[YOUR INSTRUCTIONS]
The material below holds pictures, which are to be left out; copy exactly the lines from the one with "Cup Resistant to Both Slipping and Tipping" through the one with "baked sliders in a white baking dish.".

[DATA FOR THIS EXERCISE]

------------------------

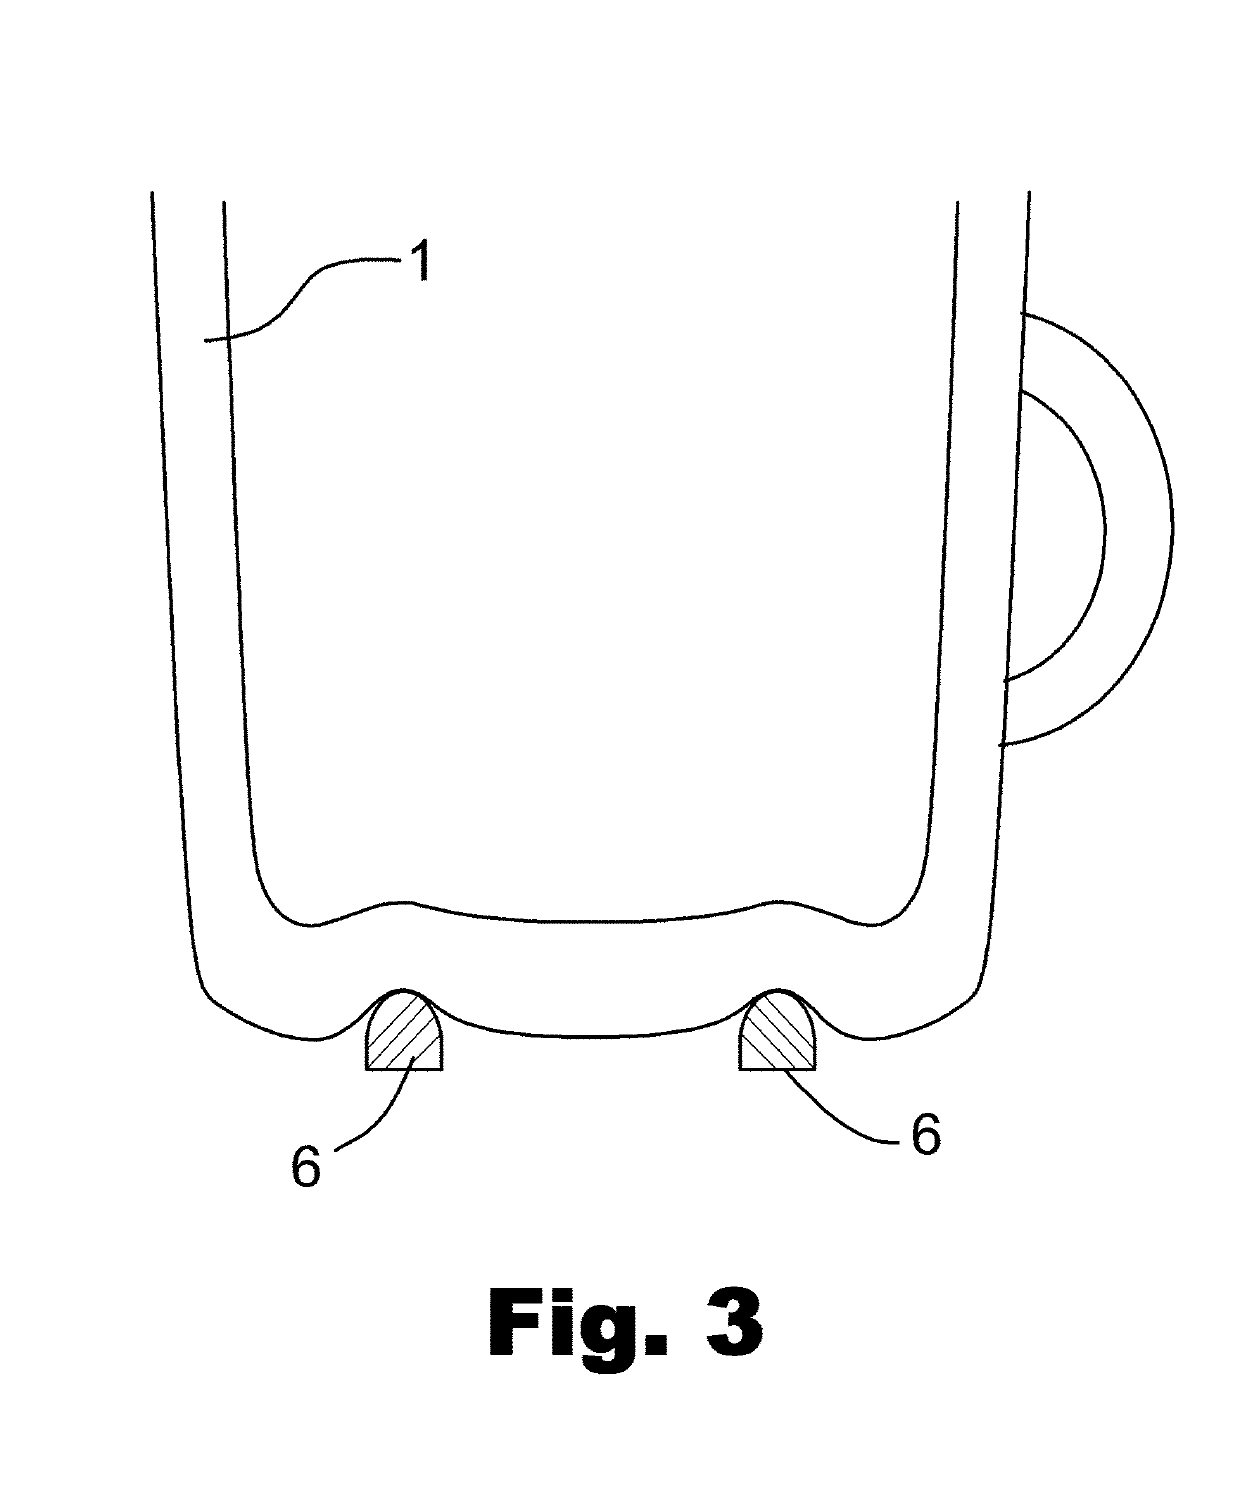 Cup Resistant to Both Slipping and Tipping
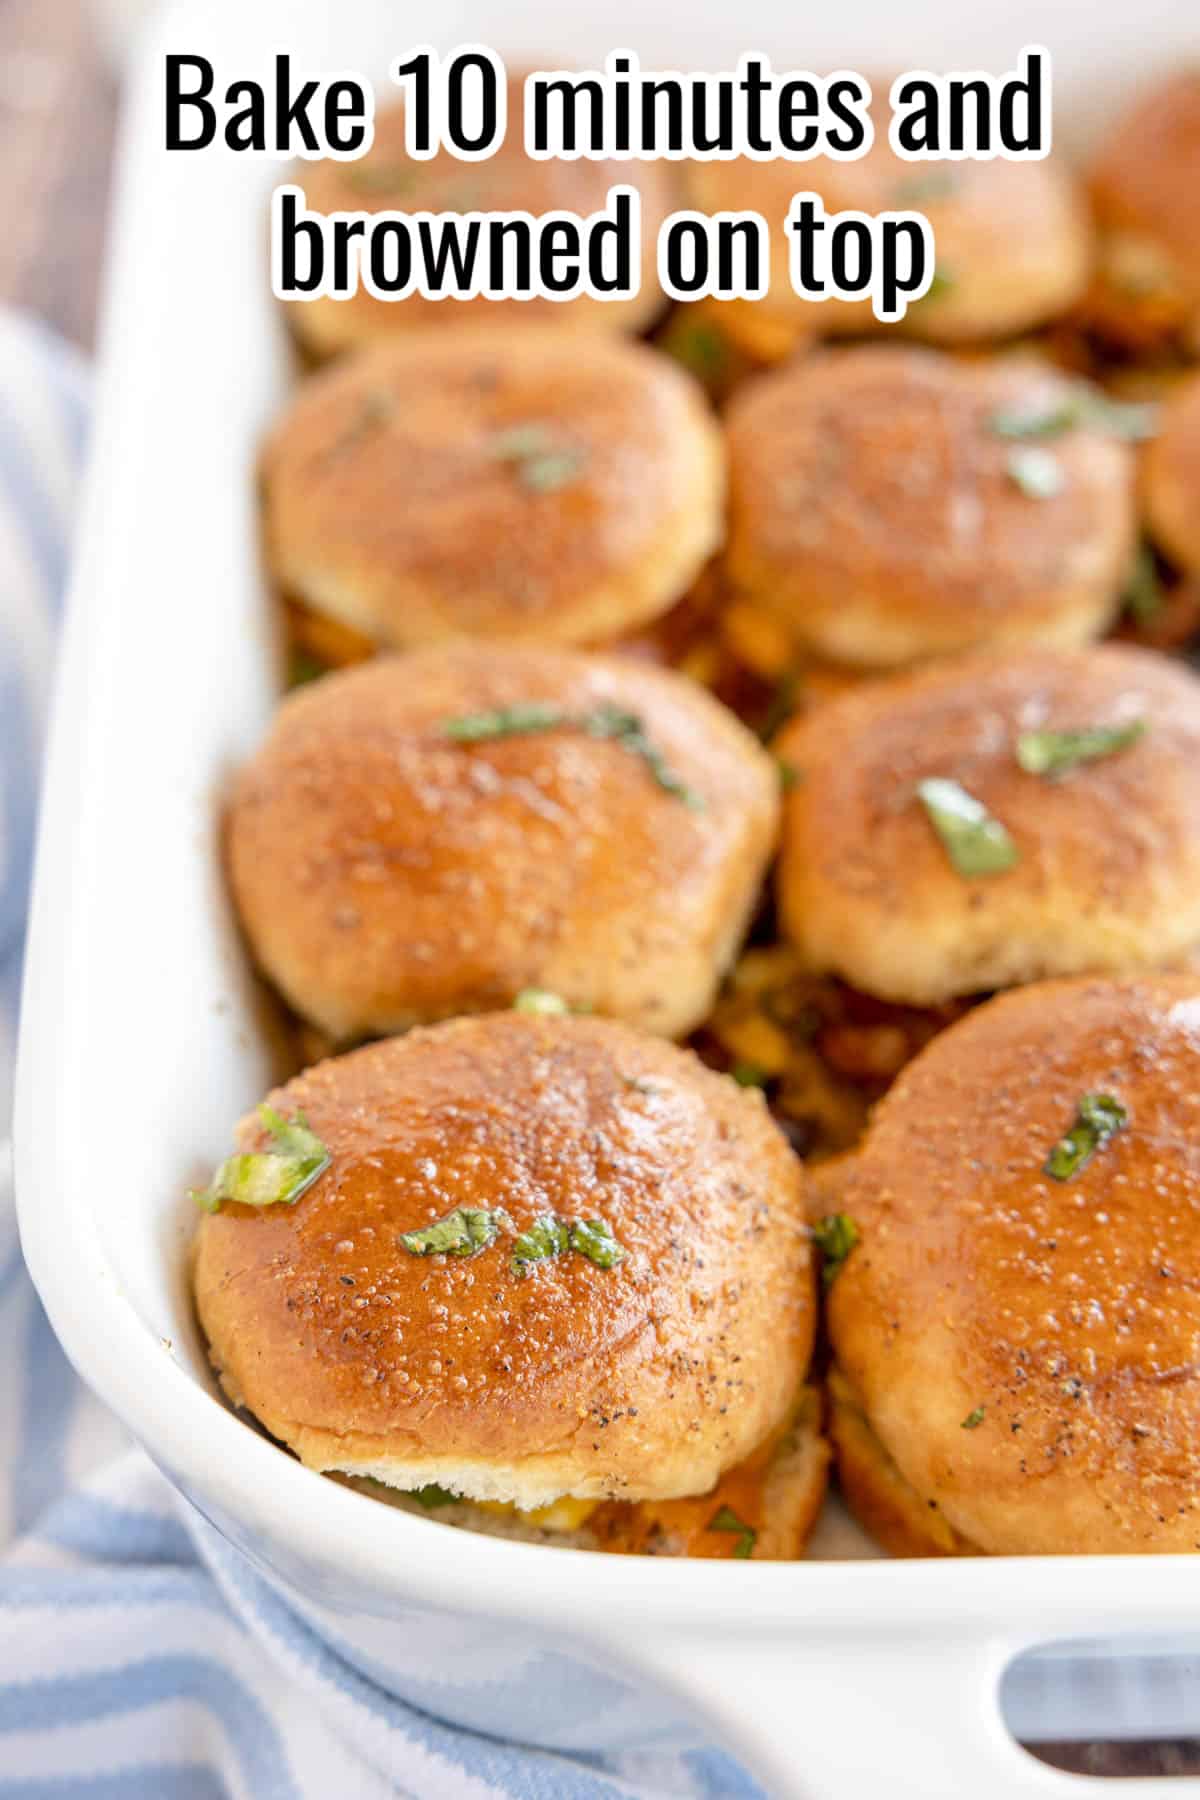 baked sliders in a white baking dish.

------------------------

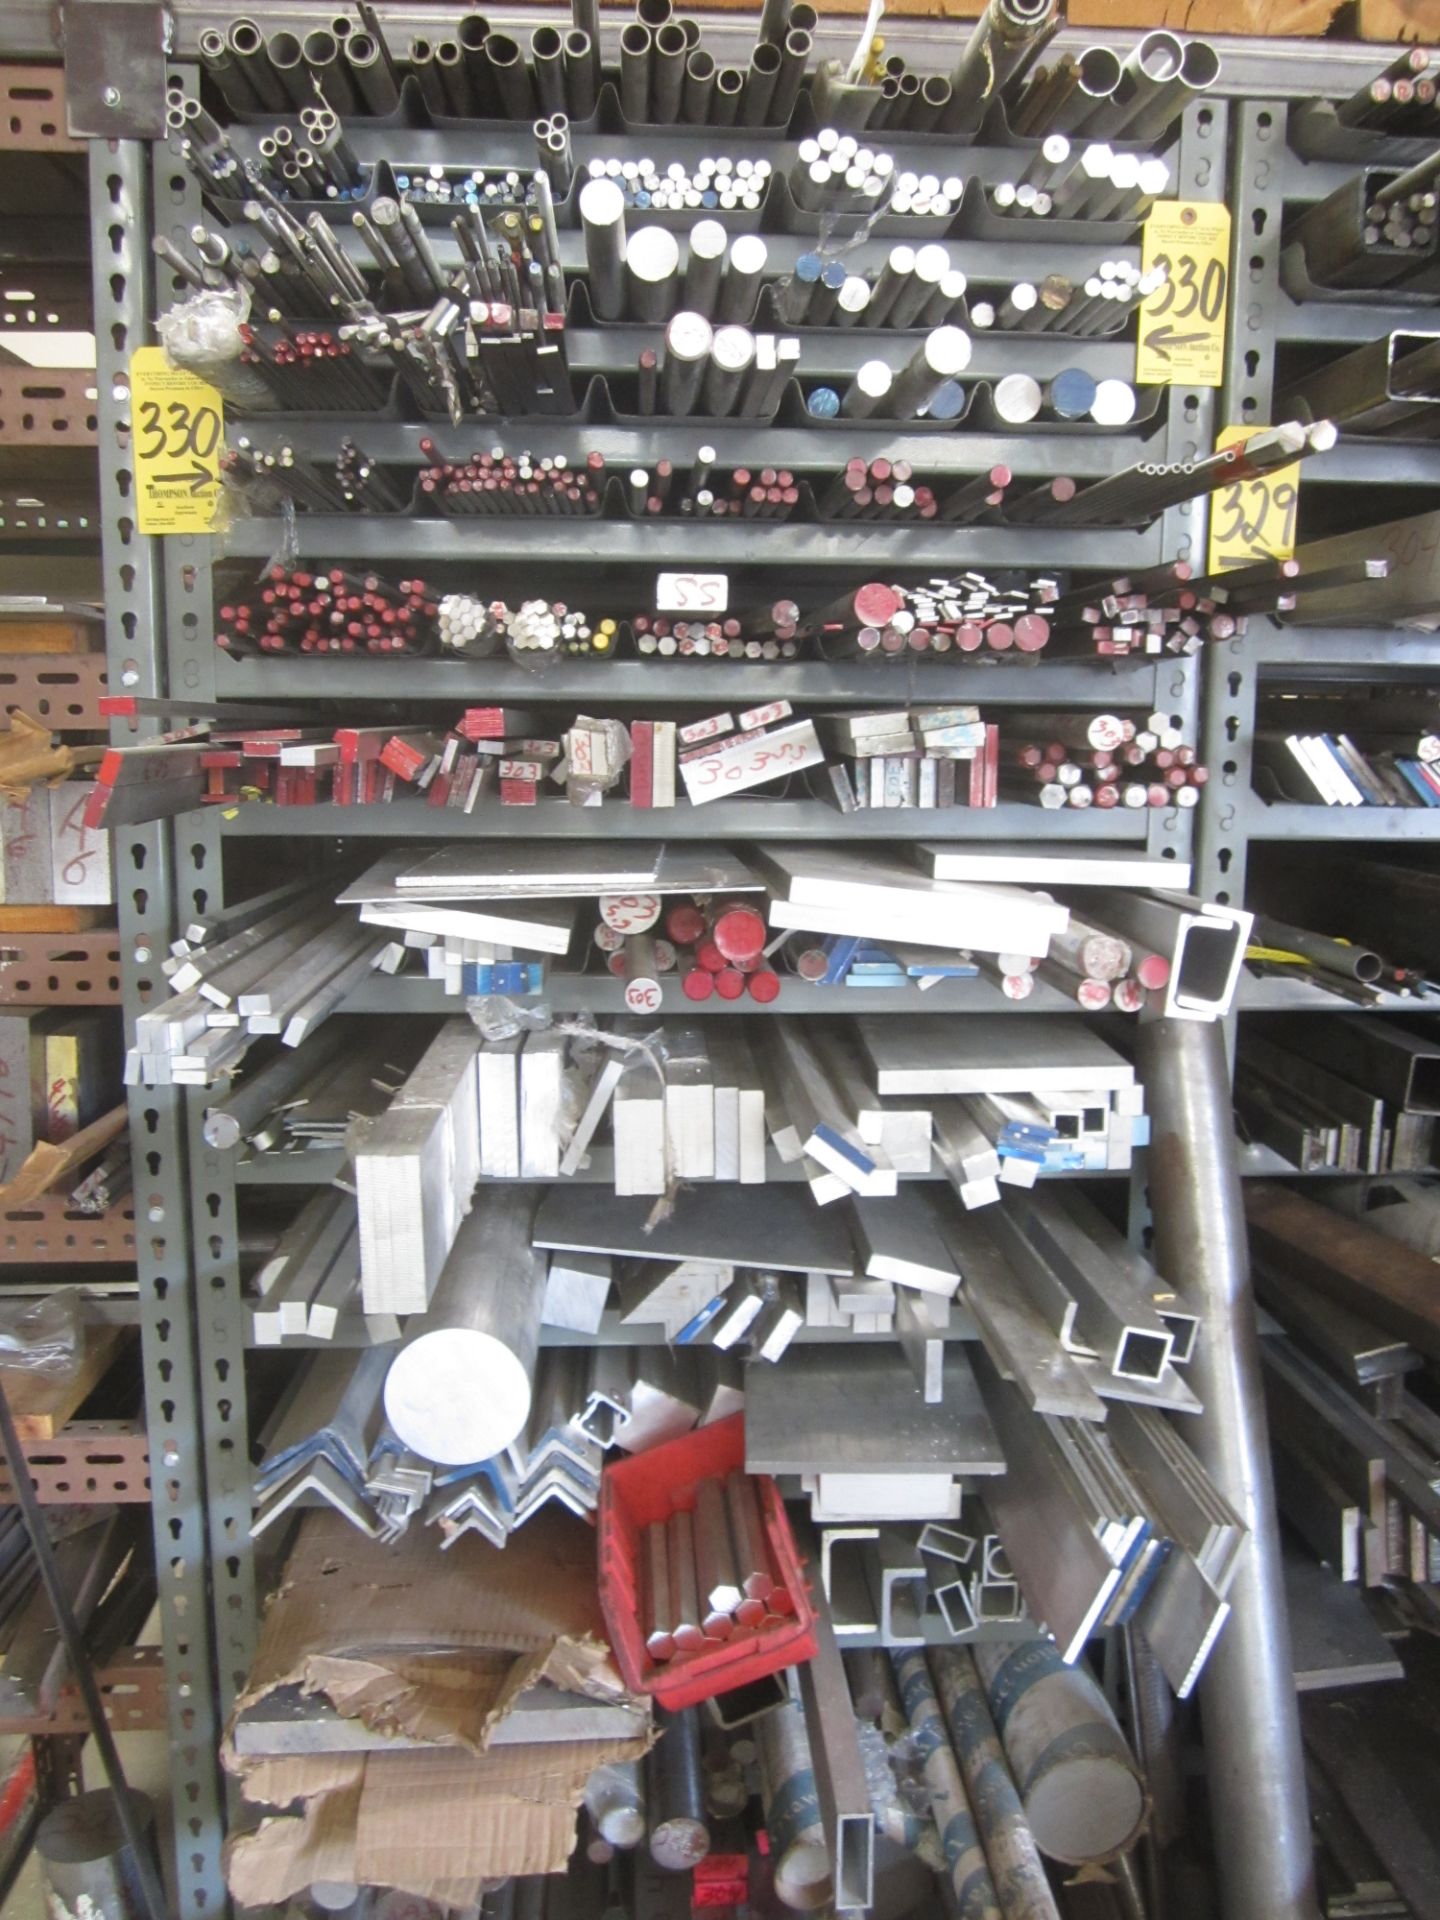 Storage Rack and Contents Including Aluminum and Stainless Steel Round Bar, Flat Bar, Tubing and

------------------------

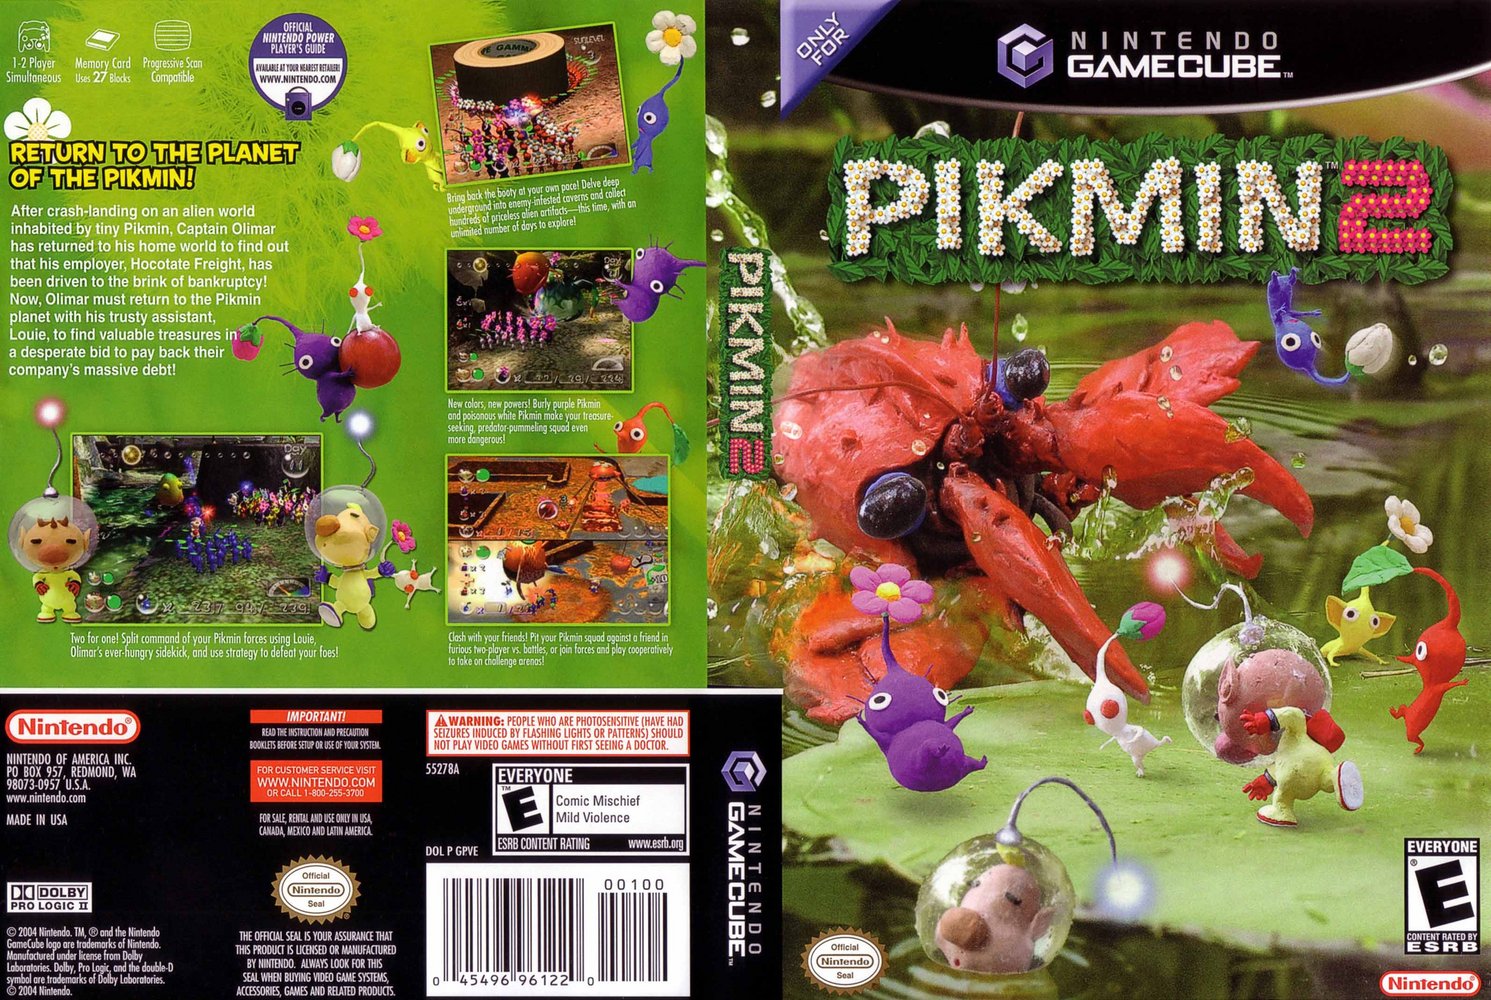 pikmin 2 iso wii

------------------------

[ANSWER]
 Cup Resistant to Both Slipping and Tipping
 baked sliders in a white baking dish.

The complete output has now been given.